The readiness and planning for migration involves work streams that operate in the areas of Landing Zone, Operational Model, Governance, Security & Compliance, People (skills), Application Portfolio, Migration Process and Business Case.

With the use of methodology, processes, tools and resources, a migration objective is defined, generally evaluated in 3 to 4 months of work (structured in Sprints). During this phase, the teams carry out initial migrations to create experience and confidence through quick wins. The main deliverable for preparing for migration are:

  • Landing Zones: setting up a secure environment for multiple accounts.
  • CCoE (Cloud Center of Excellence) / Cloud Operations Model: adequate training and qualification for teams. Determine operating practices to maximize business benefits.
  • Security and Compliance: resolution of gaps and implementation of security and compliance practices.
  • Discovery and Migration Portfolio: sequencing and planning of migrations.

CONCLUSION

The use of Cloud Services is a very strategic enabler to be considered in your digital transformation plan or digital strategy. There are several migration strategies, as we know the difficulty in keeping the core services (not always created with the best practices) in operation and the cost that this decision can cause in the creation of new products for the company.

Choosing a good partner is essential to support the Cloud adoption journey. This journey requires specialized skills, both in the knowledge of the business and applications of the company itself, as well as in Cloud technologies. In addition, good governance is essential to enable the migration and readiness plan and ensure, together with the team, that the objectives will be achieved.

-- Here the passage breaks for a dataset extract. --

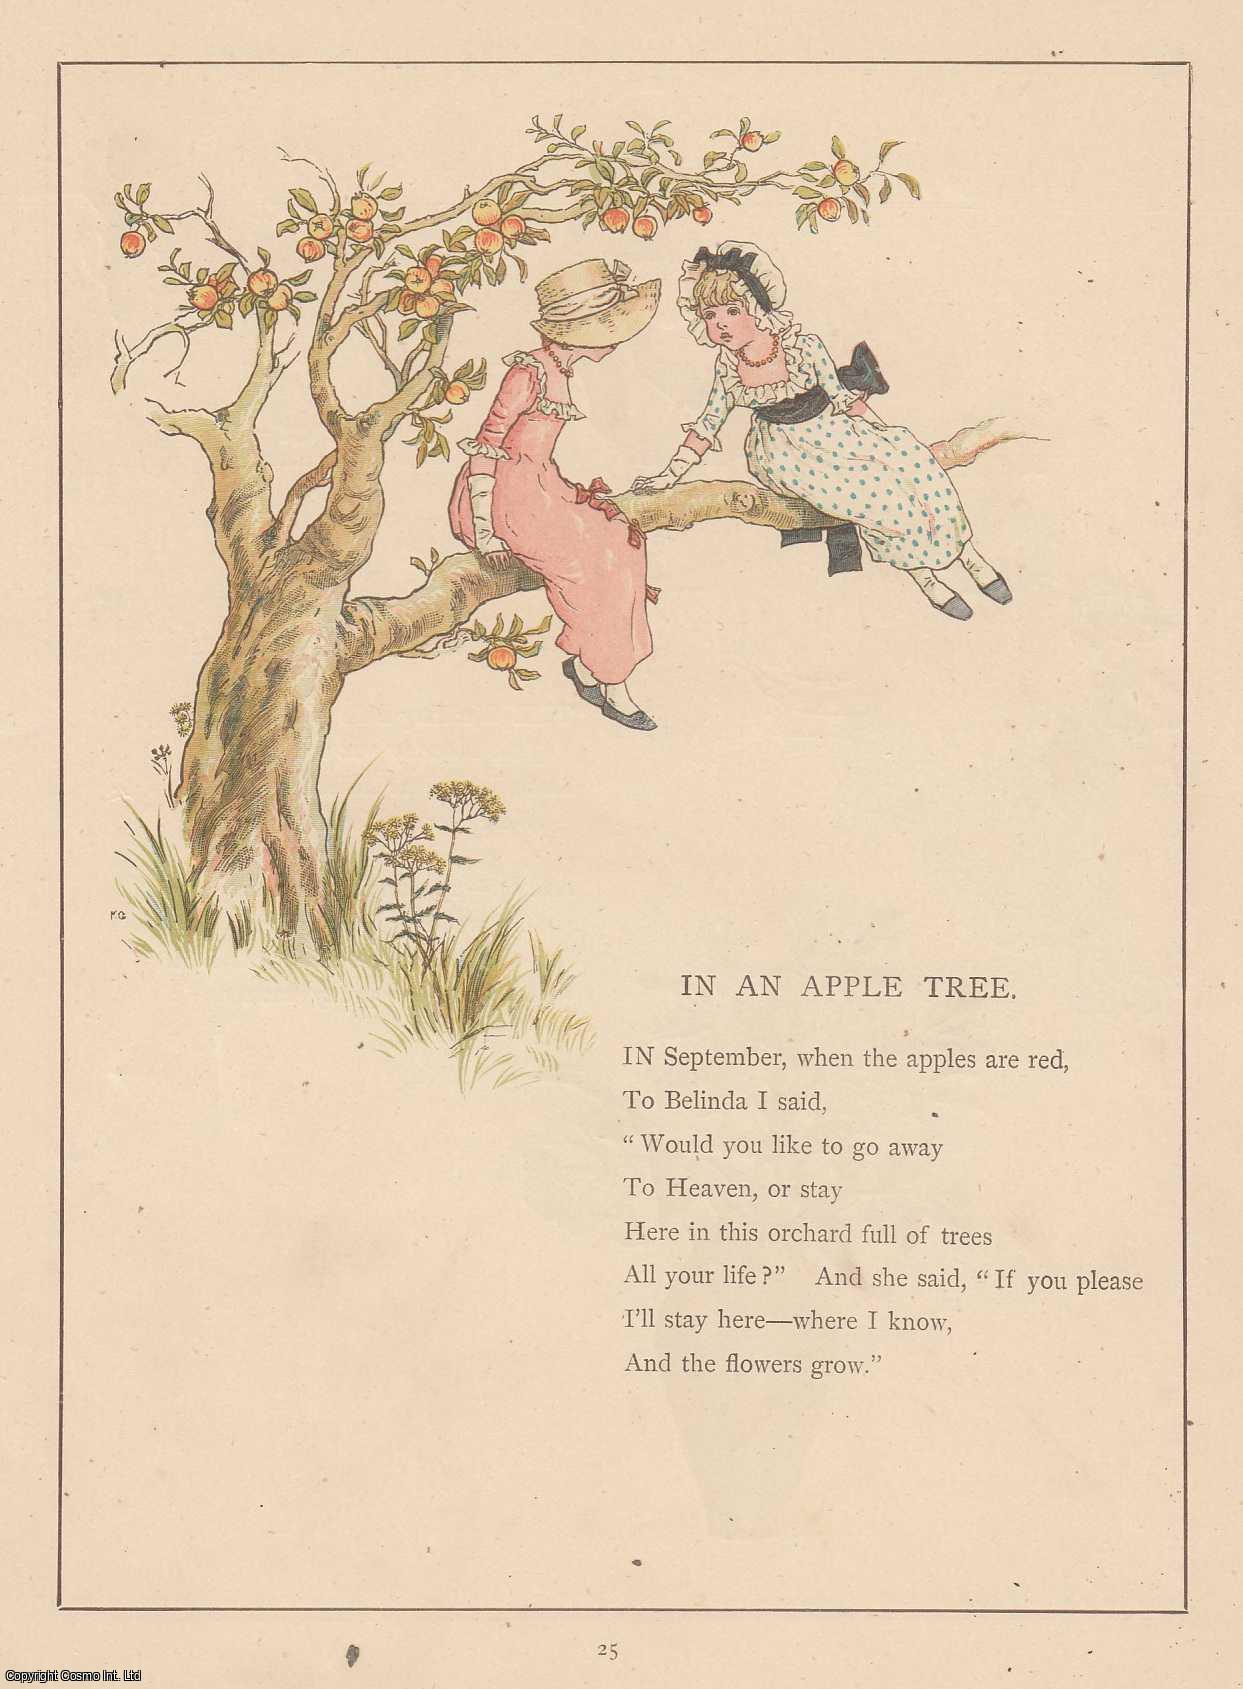 Kate Greenaway - Marigold Garden. In an Apple Tree, with rhyme. An original Kate Greenaway colour print, c.1885 from the work Marigold Garden, printed in colours by the expert printer Edmund Evans.
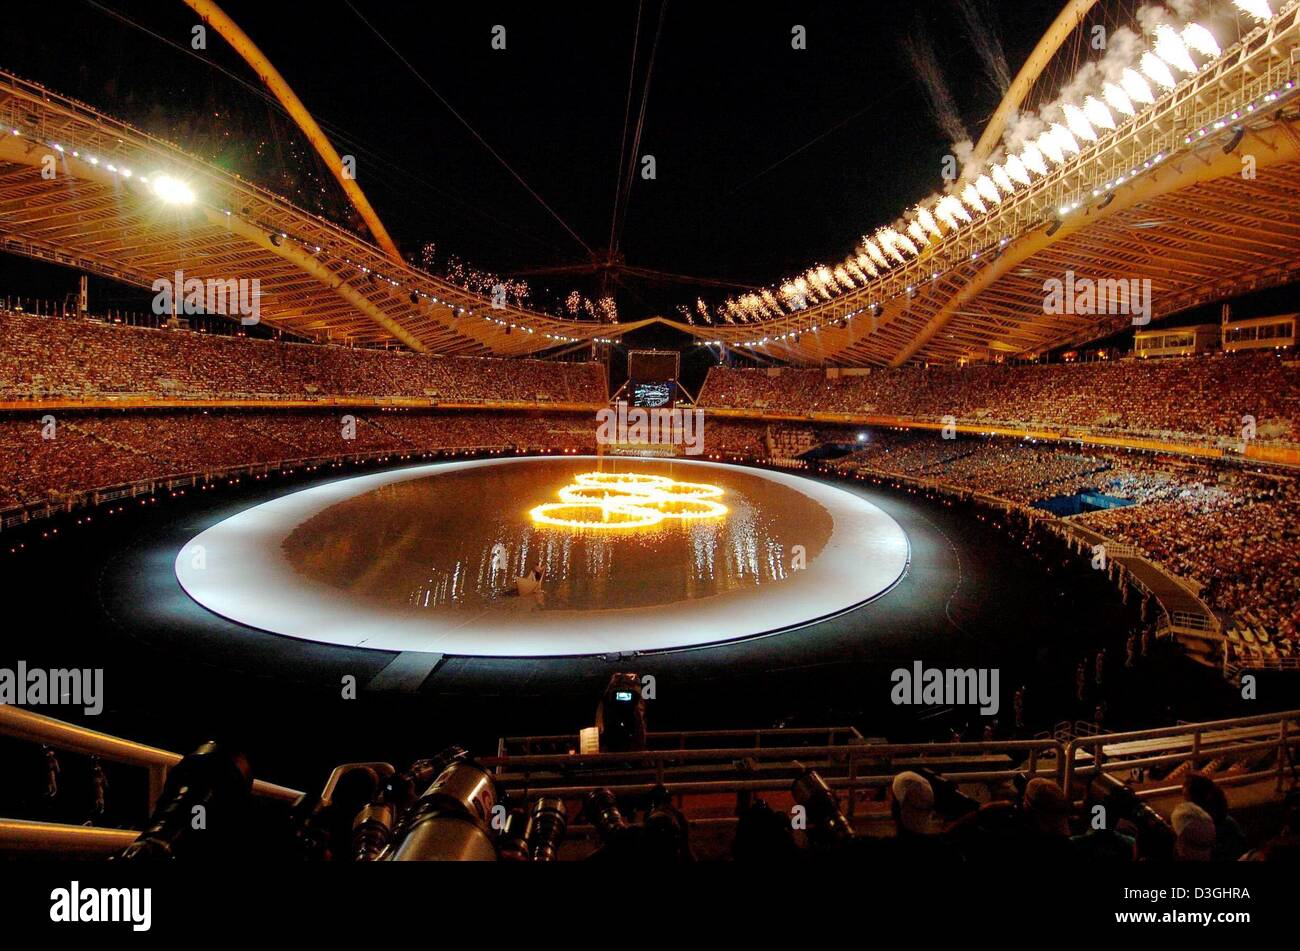 (dpa) - The Olympic Rings on fire in the Olympic Stadium during the opening ceremony of the 2004 Olympic Games in Athens, Friday 13 August 2004. More than 10.800 athletes will compete in the Olympics. Stock Photo

Finally, check the benefits and real applicability in your environment. Financial analysis, such as TCO (Total cost of ownership), is also important to support your decisions. What are the opportunity and operational costs of maintaining applications or services in the current environment? Is it possible to be innovative in this scenario? Have you evaluated any PoC? Are the features that most generate revenue for the business well planned (cost x return)? Are there insights from the use of collected data? What about application monitoring and security?